Friday, July 8, 2016

Guns, Cops and Social Conditioning

94 million Americans are not in the labor force.  There is work to be done, but if people want to be employed by someone else, we are short 94 million jobs in a country of 350 million people.  We got here by social conditioning.  And capitalism and democracy. We need freedom.

The killings in Dallas are a direct result of police killing blacks.  Police killing blacks is nothing new, but catching it on film is certainly new.  It sickens and outrages when we actually see it.

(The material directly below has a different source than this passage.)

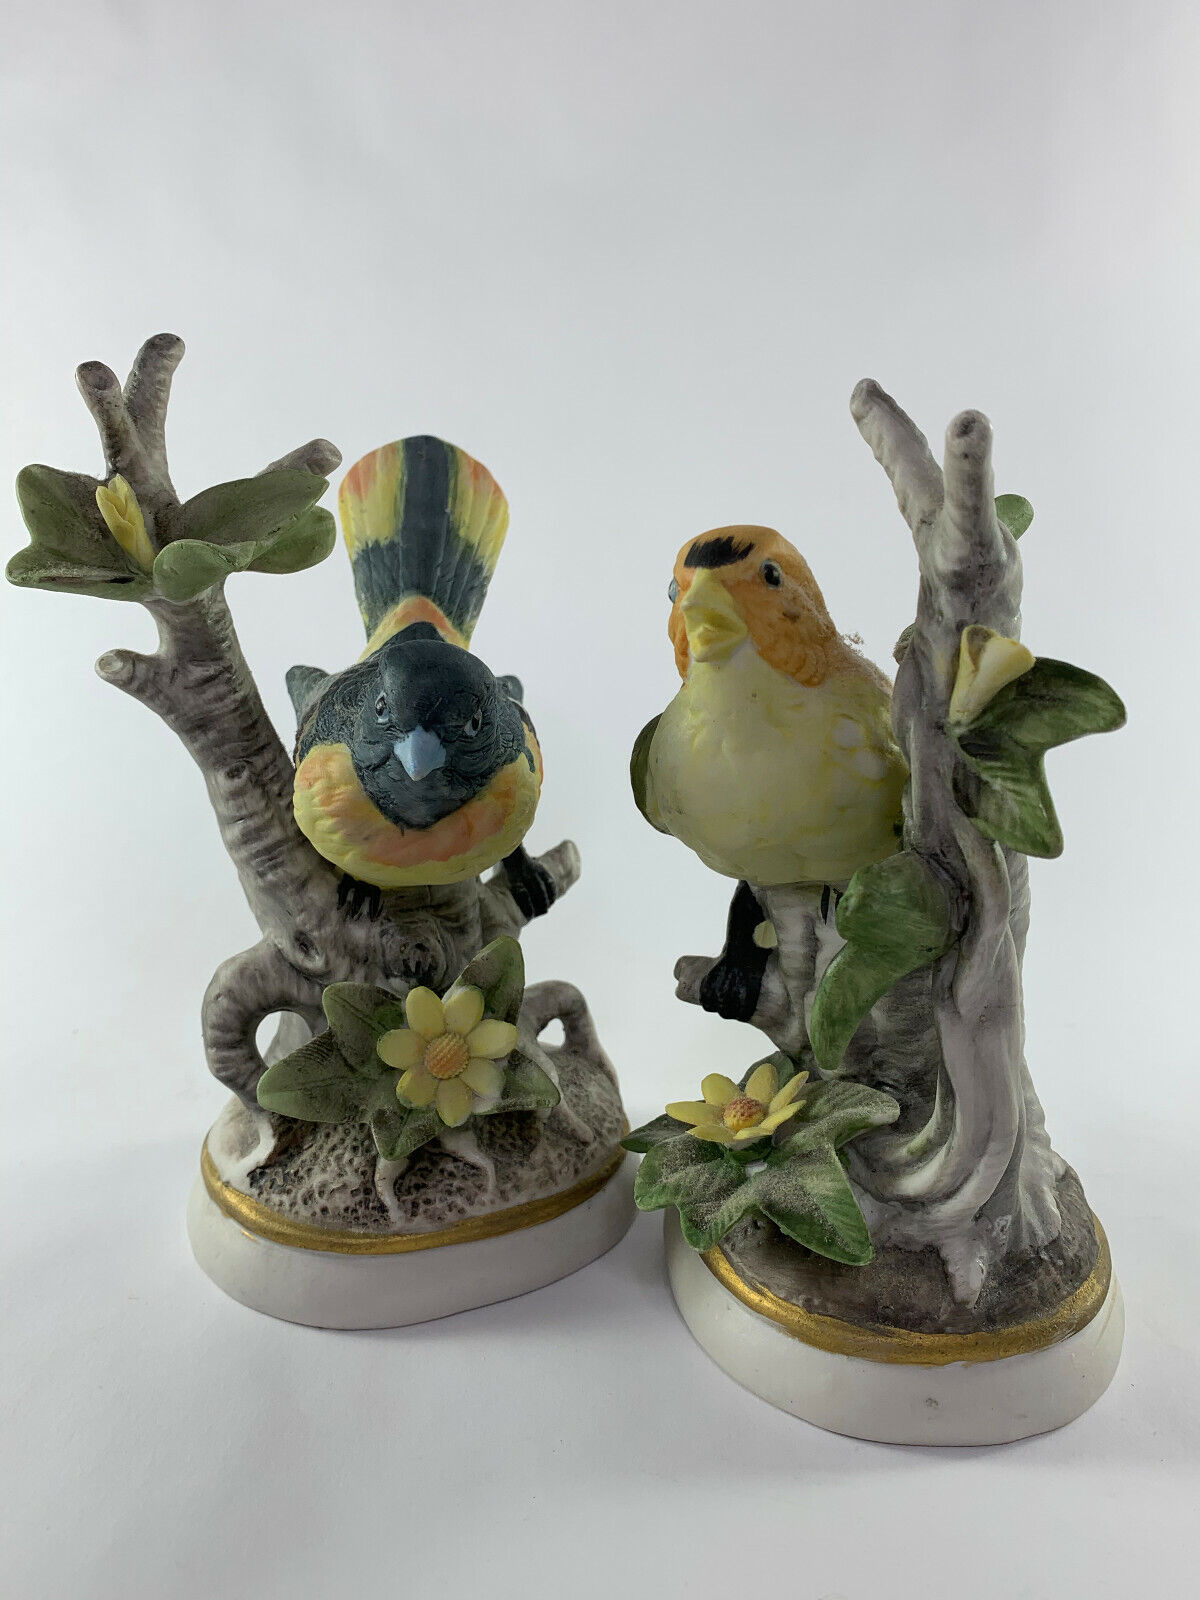 Vintage Ardco Dallas, 2 Bird Porcelain Figurines on trees with flowers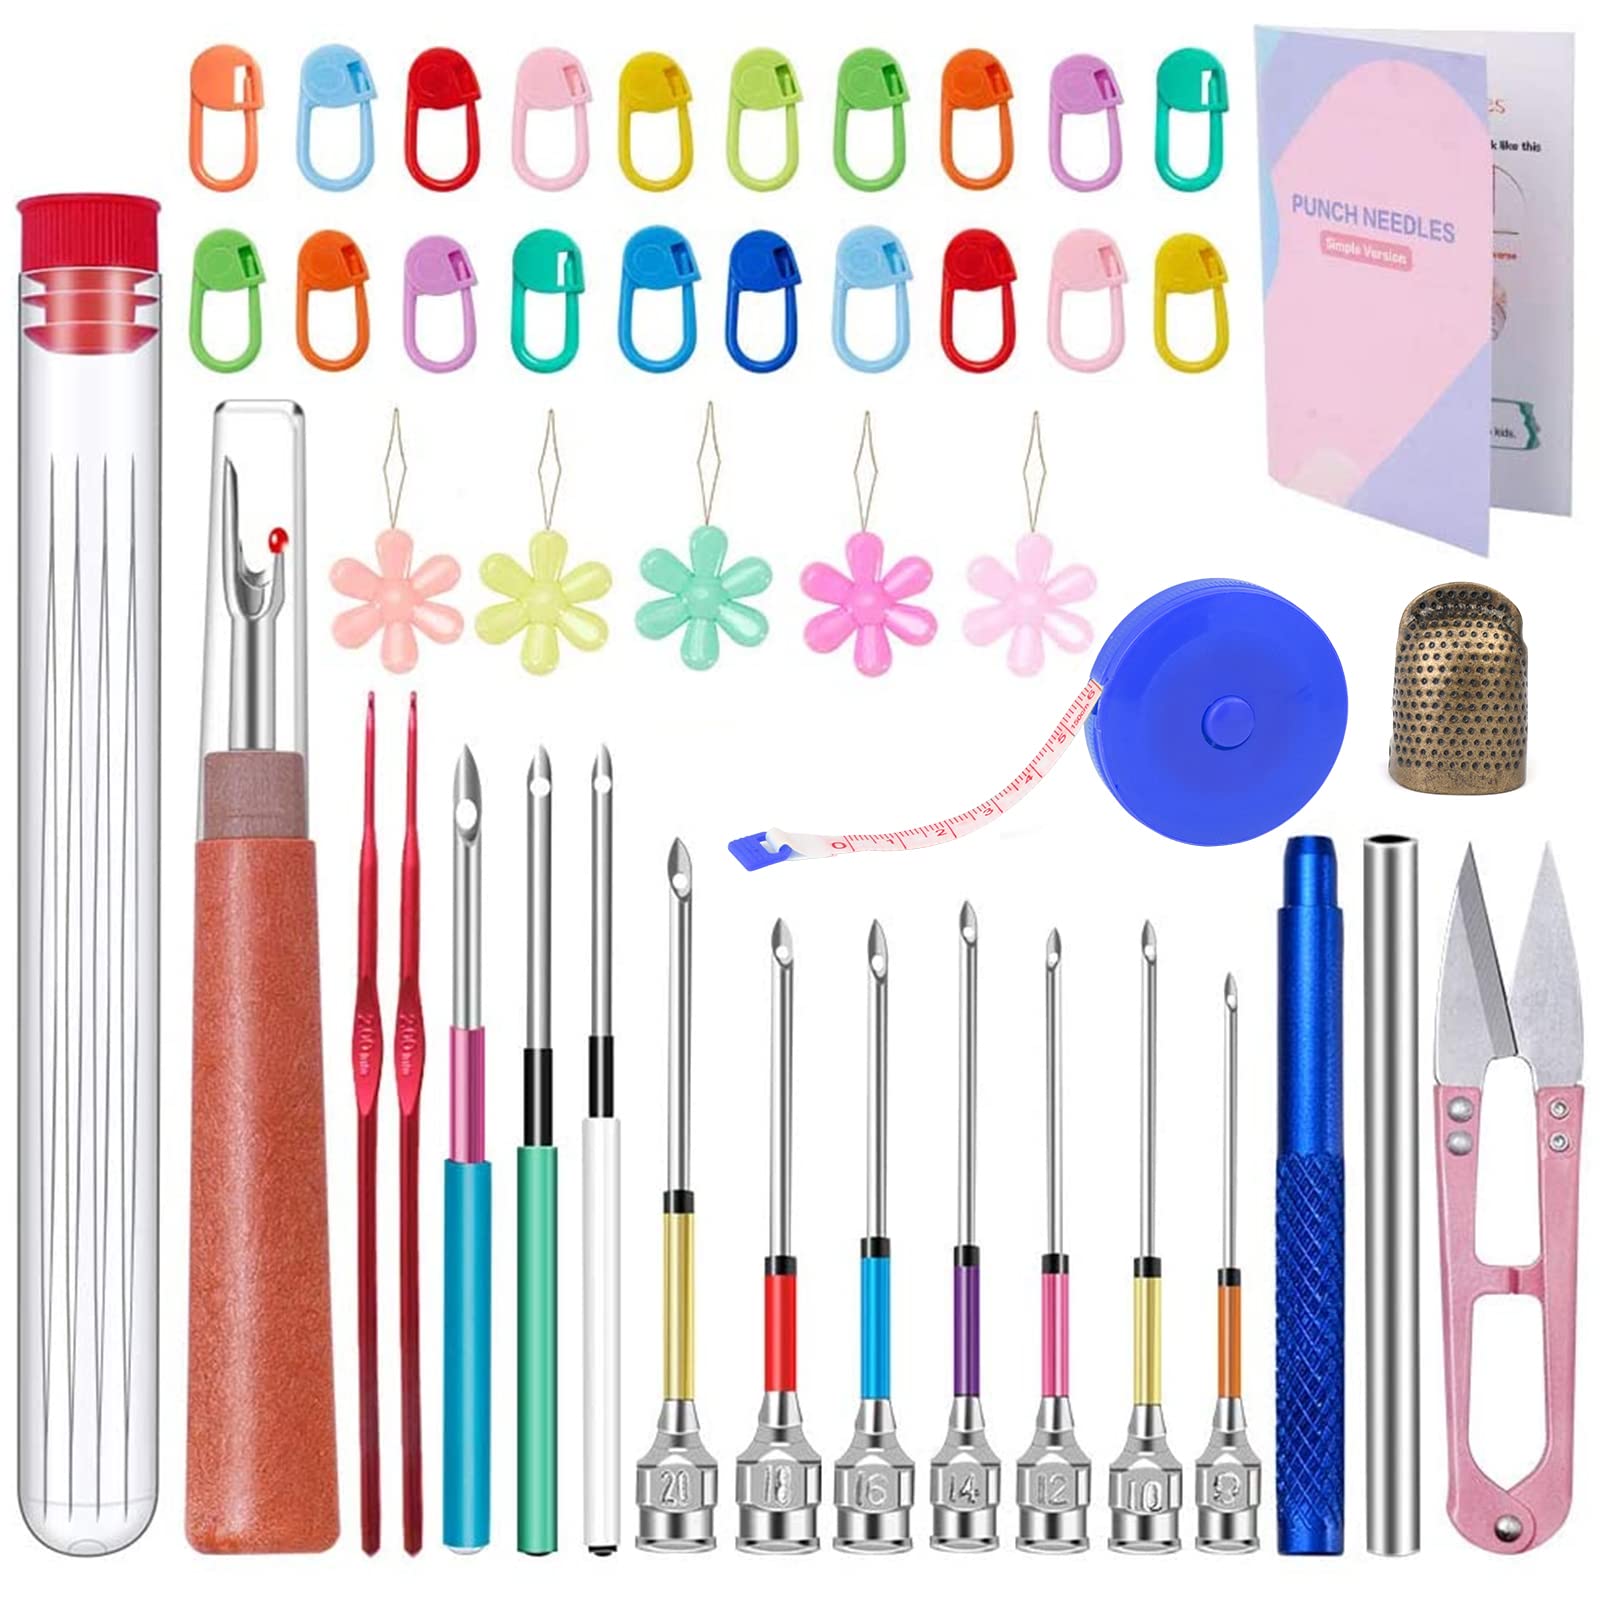 Punch Needle 43 Pieces Punch Needle Tool and Instructions - Punch Needle  Embroidery Kit with Embroidery Tools Seam Ripper Threader and Thimble Needle  Punch Kits for Beginners

What is also new is the abject fear police have of guns.  That is social conditioning, and it is not limited to police.  It's not the gun you have to worry about, it's what a person with a gun is doing with it.

When I was growing up, people did not fear guns.  Everyone had them in their homes.  I knew where 3 or 4 guns were at any given time in my house, and the family would take day trips up to the mountains to go shooting.  In some city parks there were open municipal shooting ranges for family shooting outings.

My father was a prof in a small liberal arts college, and he was armed every day.  Back then profs wore a jacket and tie, so no one knew he had a 38 police special on his hip, and being a Southern man, he had a 22 long Derringer on his ankle, in case he got jumped.  But then the school had a shooting competition team, and just as sometimes a student might have a tennis racket with him in class, so a shooting team member might have a rifle.  No one thought twice.  And I can name a half dozen other profs who were armed, simply because some people prefer to be armed.  And it's none of your business.

No one shot us schools back then, since they were not "gun-free zones."

I recall seeing people walk into banks with a gun on the hip, obviously a merchant making a sizable cash deposit.  No one worried.  It's not the gun, it's what is the person with a gun doing.

Back then there was no 911.  You had to dial the police department if you wanted police help.  Cops were probably slower back then than they are now, but no one cared, because enough people were armed to deal with problems. It seems to me there was a balance between troublemakers and gun carriers. And troublemakers had no idea who was armed.  A neighborhood pharmacist was being robbed when the robber took the pharmacist outside with him to the getaway car, for whatever reason.  My friends dad had the robber in his rifle sights from a roof across the street, waiting for the robber to do something threatening with the gun.  No fear of the gun, but ready to ice a robber if he made a threat. That is how people thought back then.

Like now, back then criminals had no problem getting guns.  The problem for criminals was so many civilians were armed.

 I know cops from back then.  There was none of this fear of the gun, it was watch the person.

There is probably not much we can do, what goes around comes around, and the racist, elective, fun time for-profit wars in the Middle East inevitably have to come back here.  Military trained cops killing blacks like ISIS being killed by military trained black snipers.  Weren't we just idolizing snipers a year or two ago?  Not so cool when we are the targets.

We've got tougher, systemic problems than just law-enforcement murder.  With Hillary walking, we know that voting doesn't count.  The Bush wars we voted against are now the Obama wars. We are descending a bit more into chaos with the Dallas shootings.  (But then we did with the last big Dallas sniper shooting, when JFK got it. These things take time.)  Historically, people escape to anarchy from chaos, and then things can improve.  By then the social conditioning has been cleaned off.